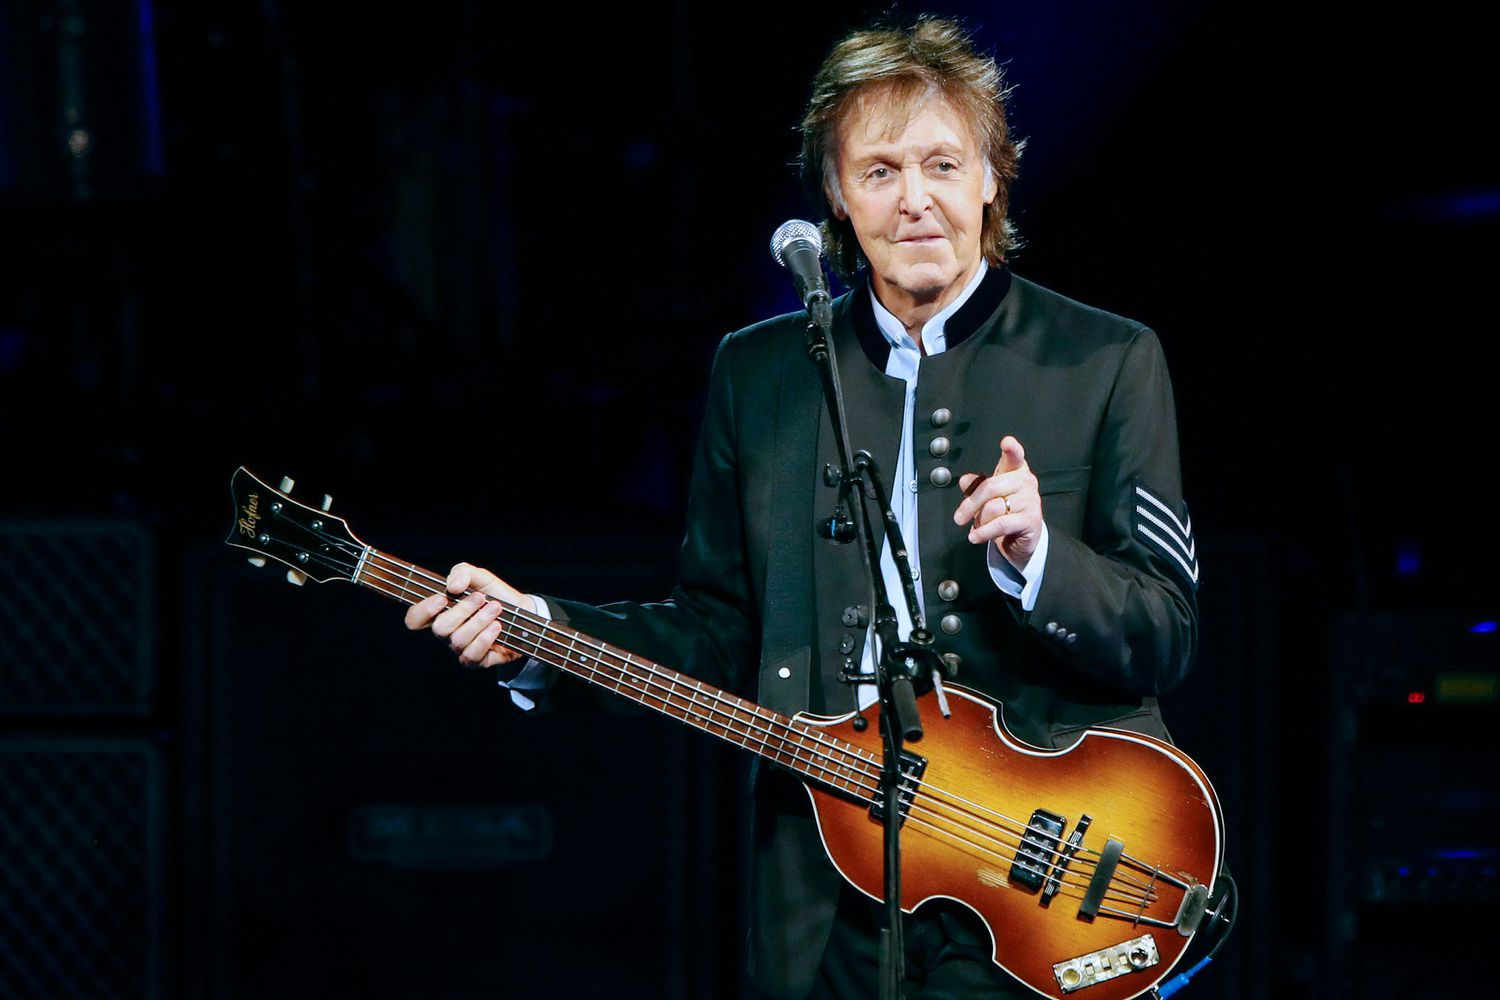 The 25 best songs of Paul McCartney
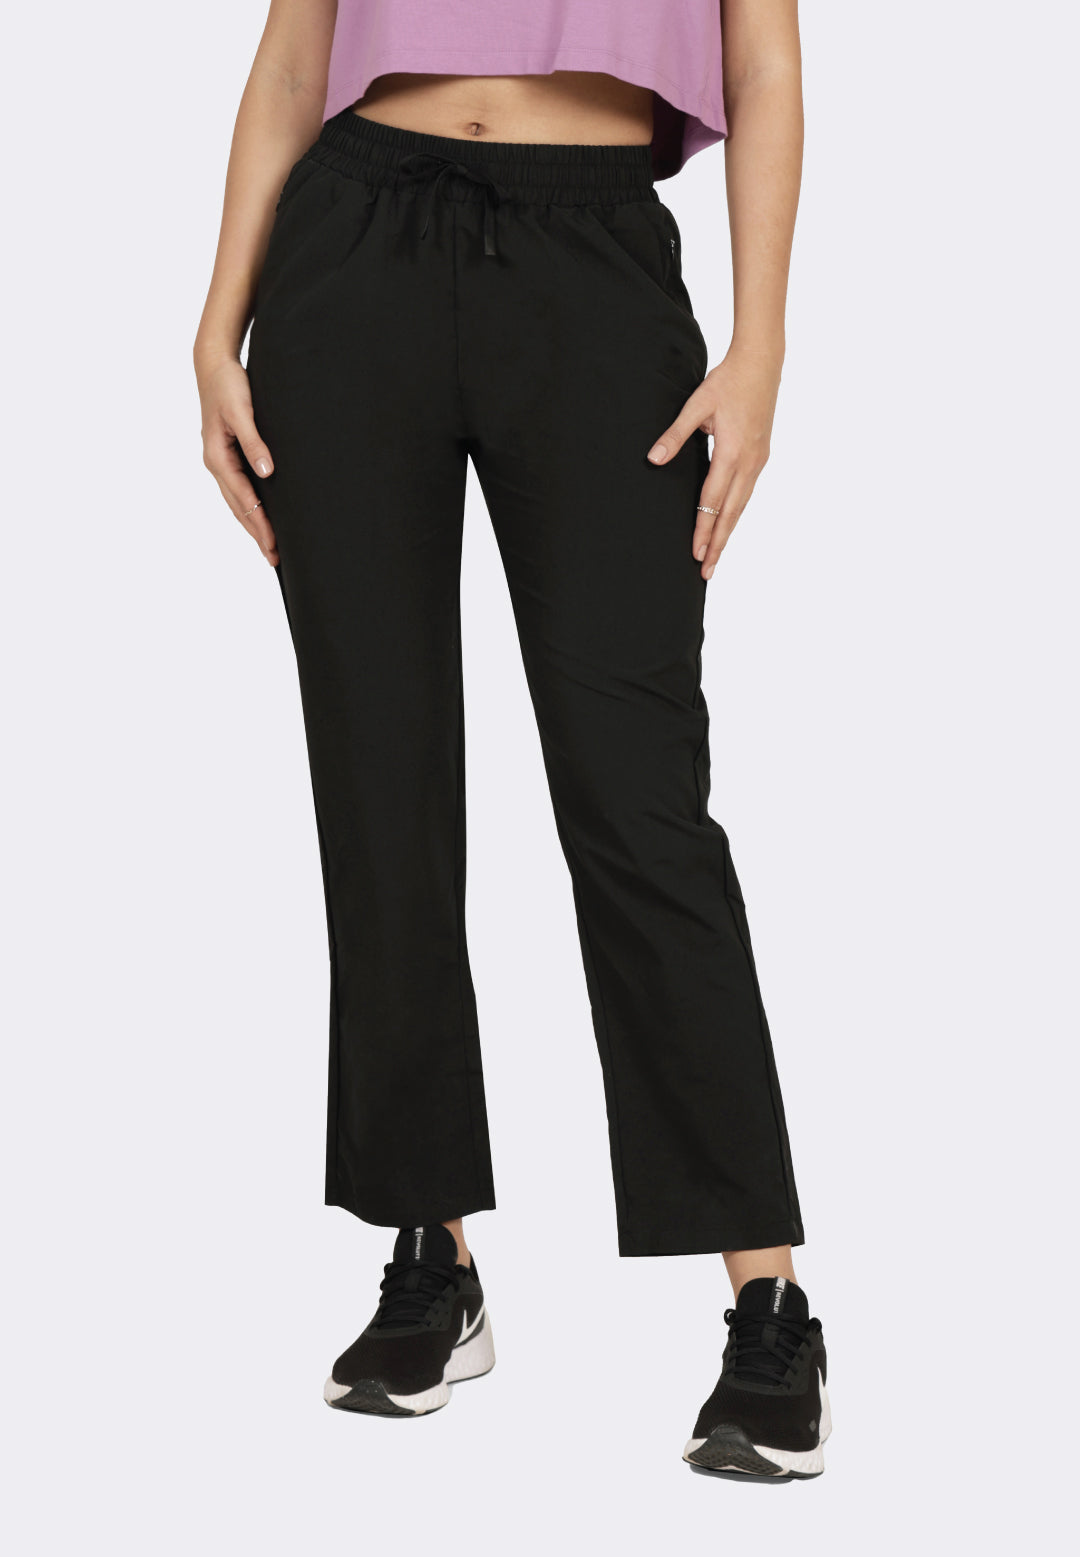 Women Pants - Shop Pants for Ladies & Women Online from Blissclub
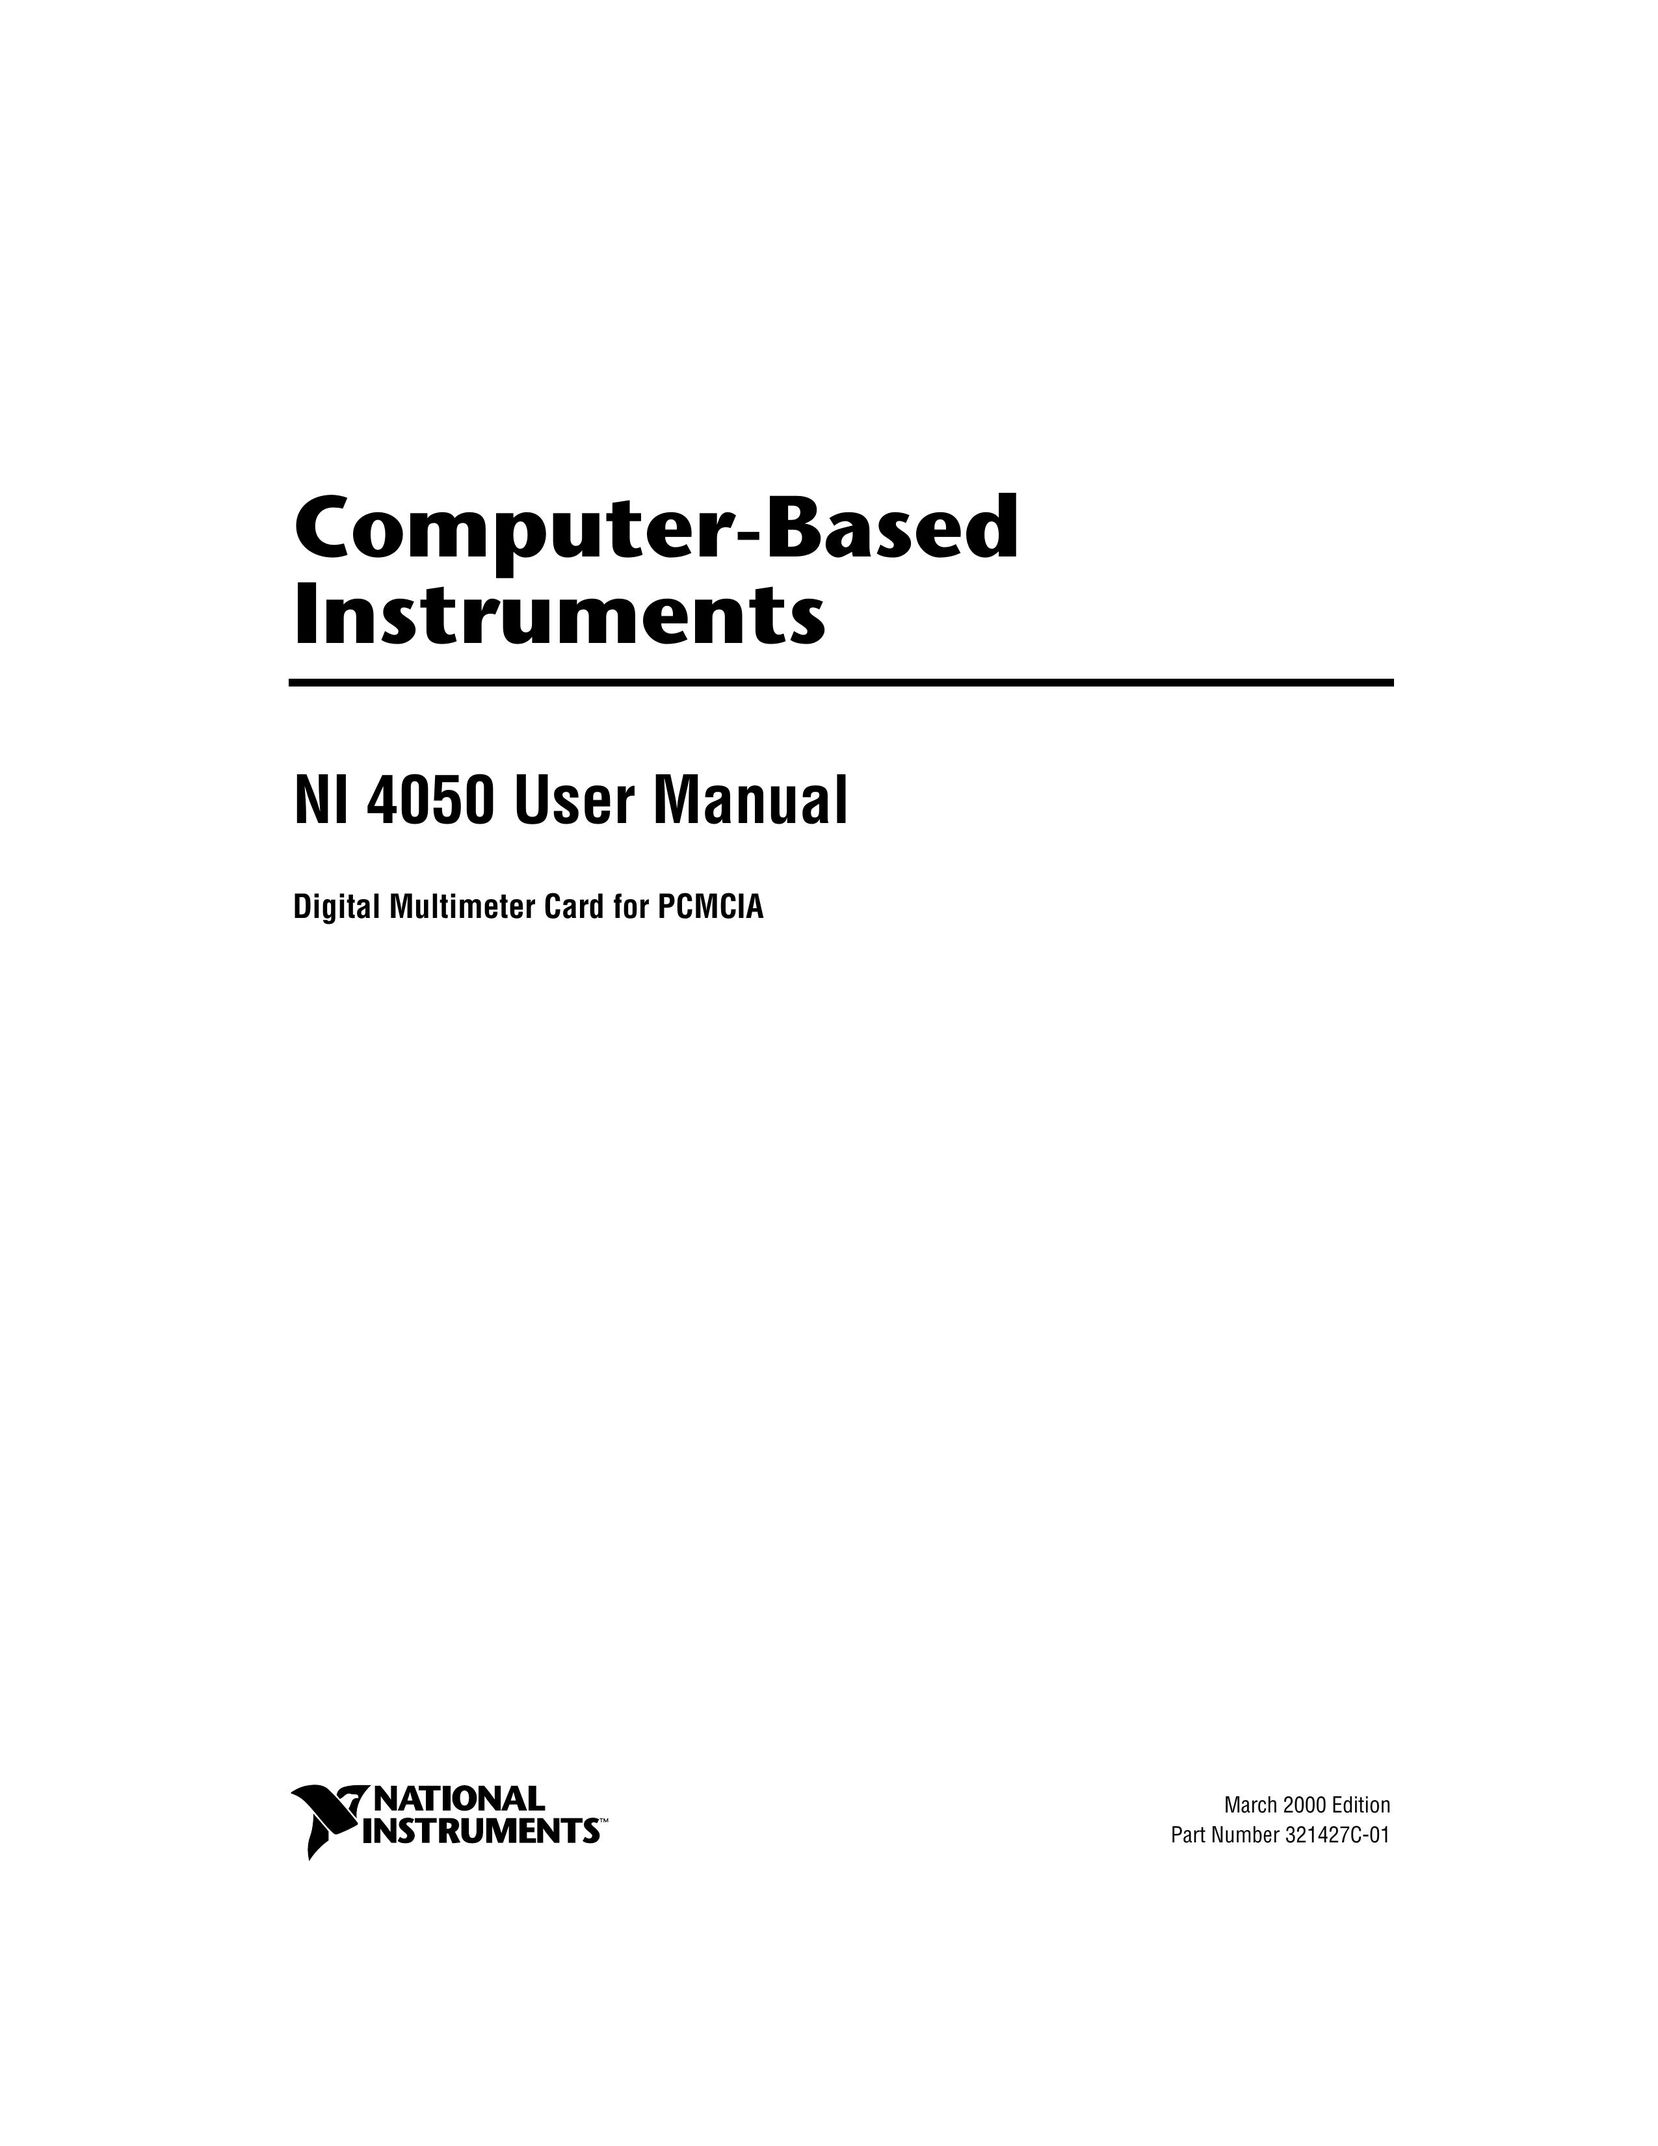 National Instruments NI 4050 Computer Hardware User Manual

● GOAL OF THE EXERCISE
Repeat the whole of the material above exactly, but keep the pictures out.

● WRITTEN RESPONSE
 The 25 best songs of Paul McCartney
 Women Pants - Shop Pants for Ladies & Women Online from Blissclub
 National Instruments NI 4050 Computer Hardware User Manual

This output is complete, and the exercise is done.